China's Jade Rabbit Moon Rover Develops Glitch
China's Yutu (Jade Rabbit) moon rover has experienced a "mechanical control abnormality", prompting scientists to organise an overhaul, the state media agency Xinhua has revealed.
The malfunction was blamed on the "complicated lunar surface environment". The problem emerged just before the rover was to enter its second dormancy at lunar night, Xinhua reported.
Chang'e-3 probe's lander, another part of the moon roving mission, "fell asleep" hours before Jade Rabbit malfunctioned.
The lander and the rover had been dormant for two weeks over the first lunar night of the mission, when the solar panels cannot recharge.

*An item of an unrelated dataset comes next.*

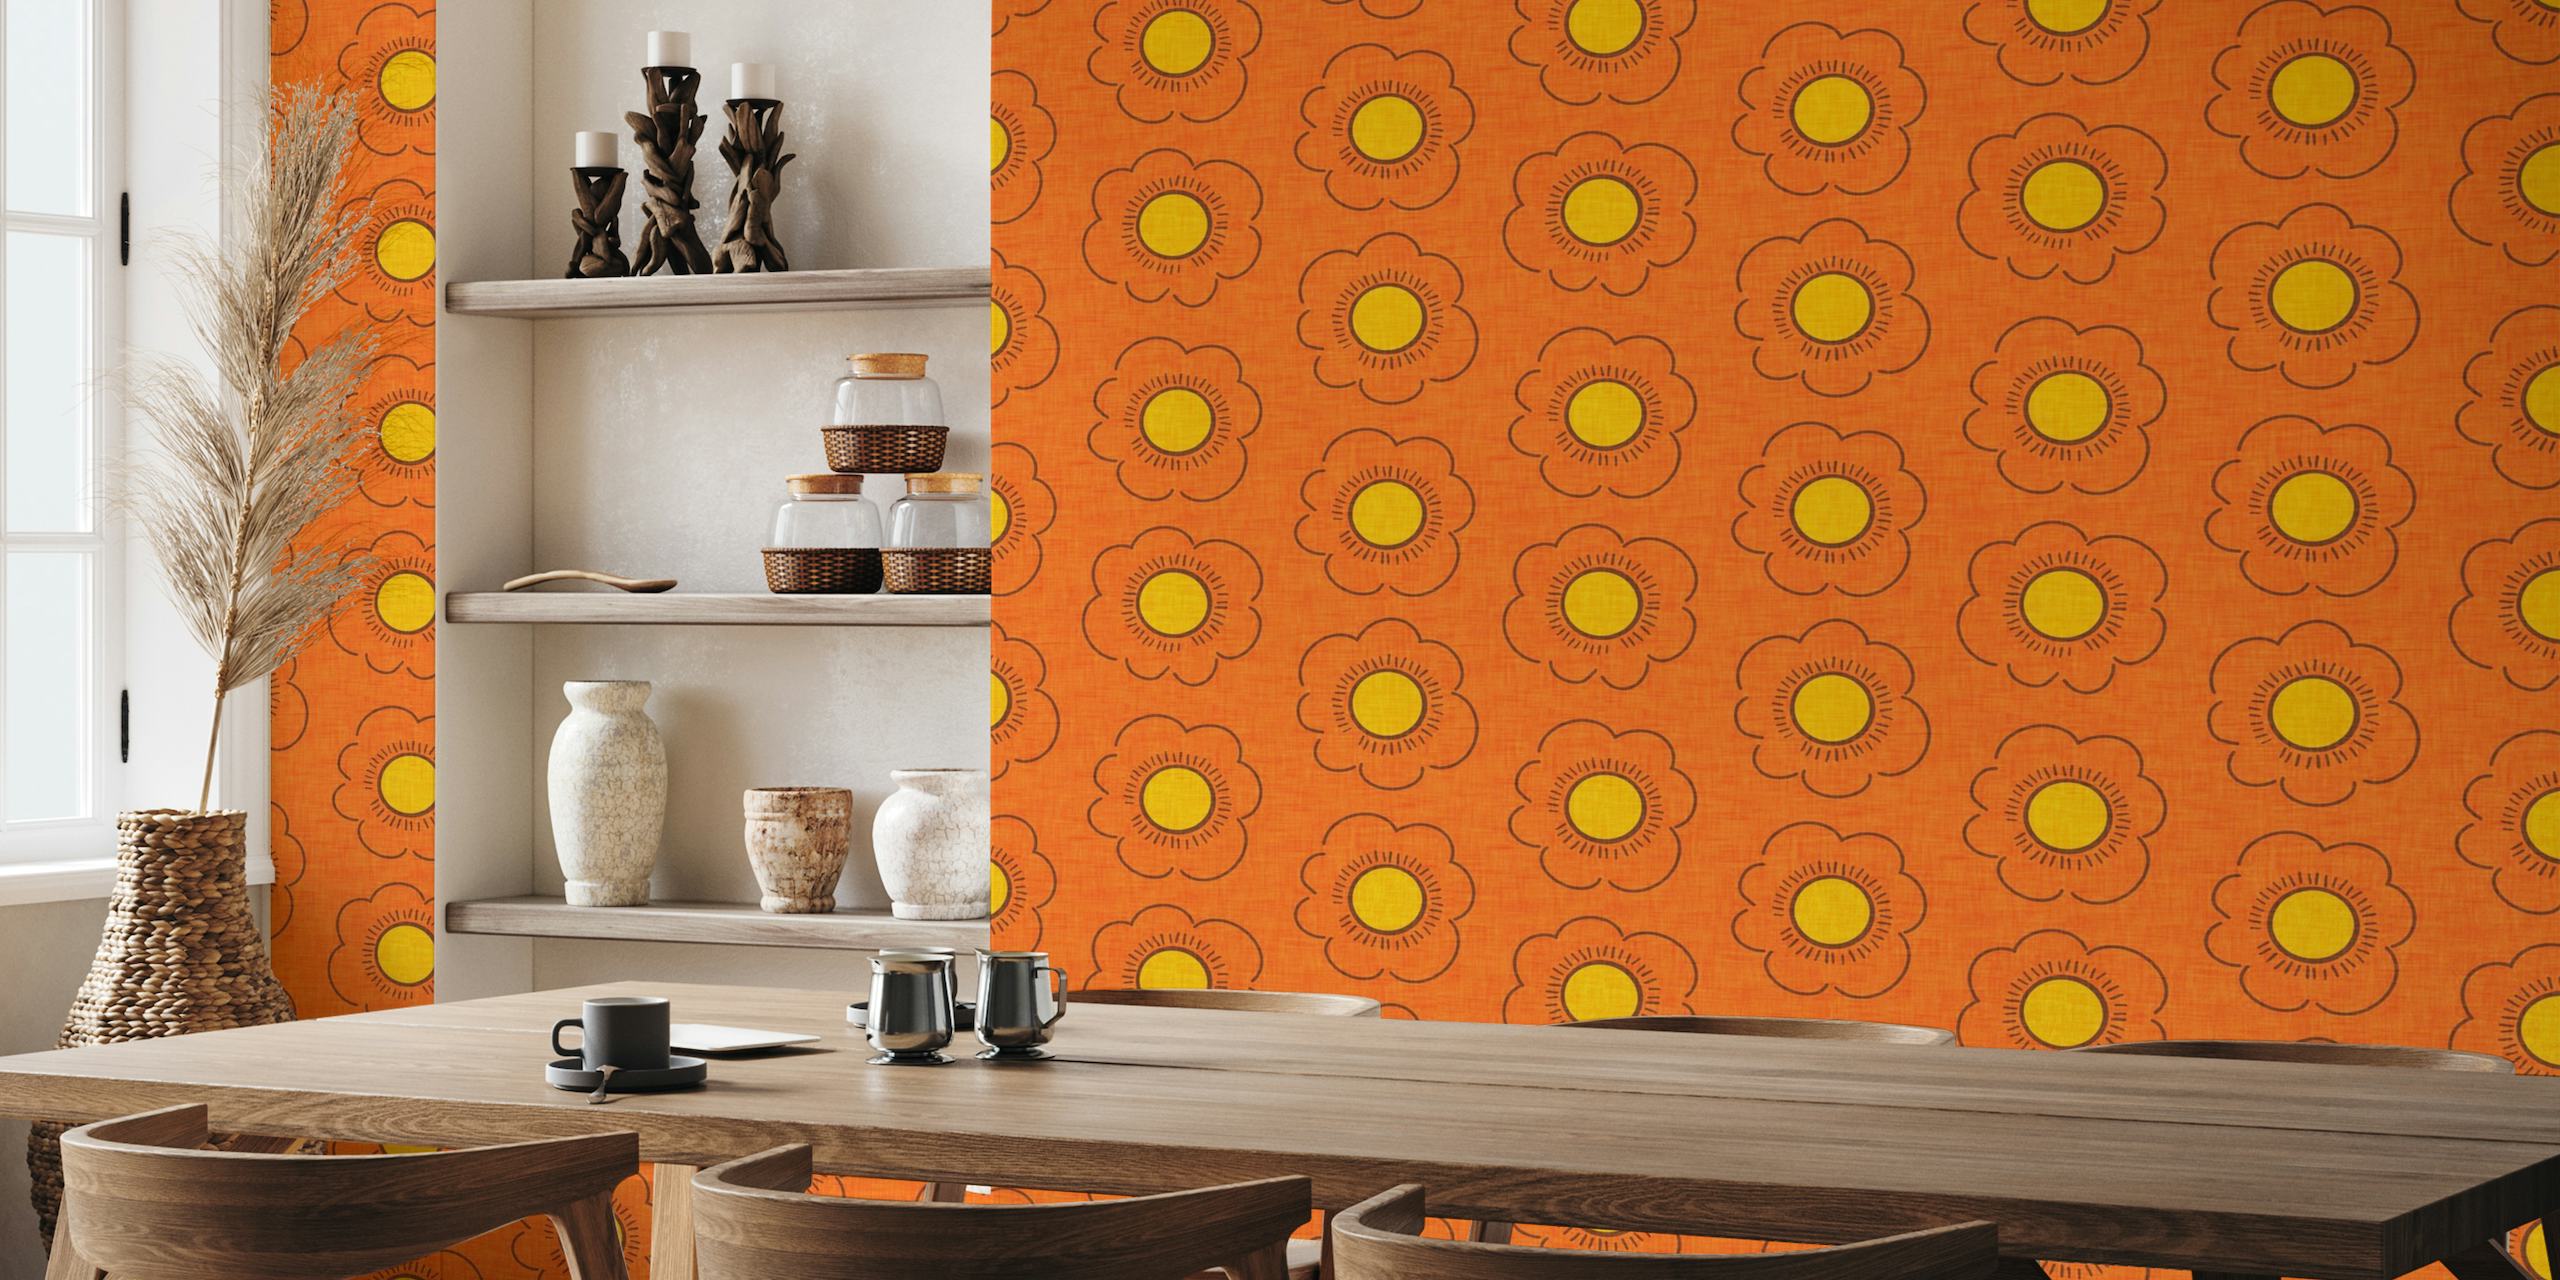 Fotomural vinílico de parede floral laranja inspirado nos anos 70 com design de meados do século

Jade Rabbit was separated from lander on 15 December, hours after the Chang'e-3 probe landed on the Moon's Sinus Iridum, or the Bay of Rainbows.
The rover is equipped with a panorama camera, a particle X-ray and infrared imaging device and radar through which it obtains scientific data.

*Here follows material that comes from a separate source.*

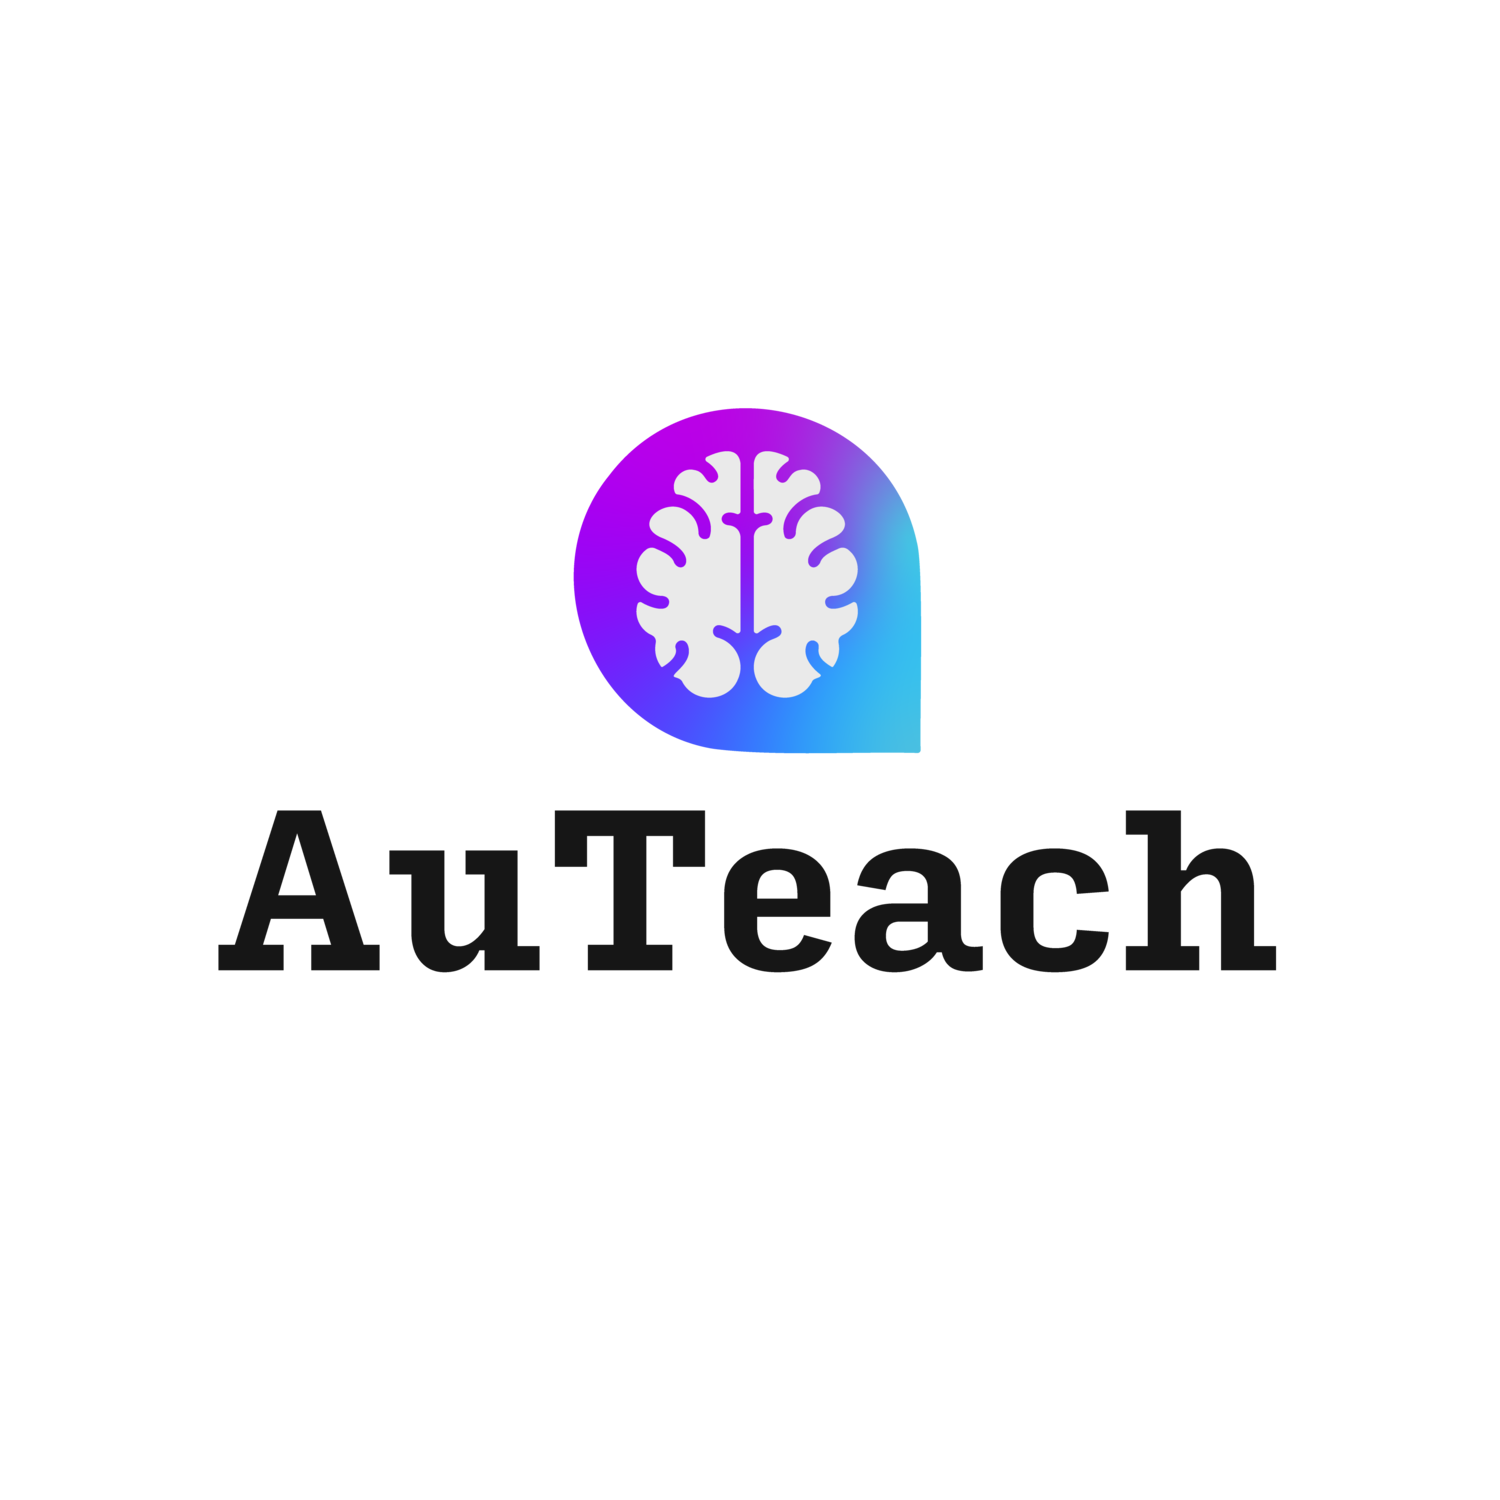 AuTeach

As the first dormant stage passed, the lander's ultraviolet camera observed the plasmasphere over the Earth, according to China's State Administration of Science, Technology and Industry for National Defence.
The Chang'e-3 probe makes China the first country to successfully accomplish a soft landing on the lunar surface since the former Soviet Union's mission in 1976, and the third country to send a lunar rover to the moon after the US and the USSR.
The rover was to survey the moon's geological structure and look for natural resources for three months, while the lander was assigned to conduct in-situ exploration at the landing site for one year.
Both the rover and the lander have performed well until now, enduring temperatures that reached -180°C during the previous lunar night.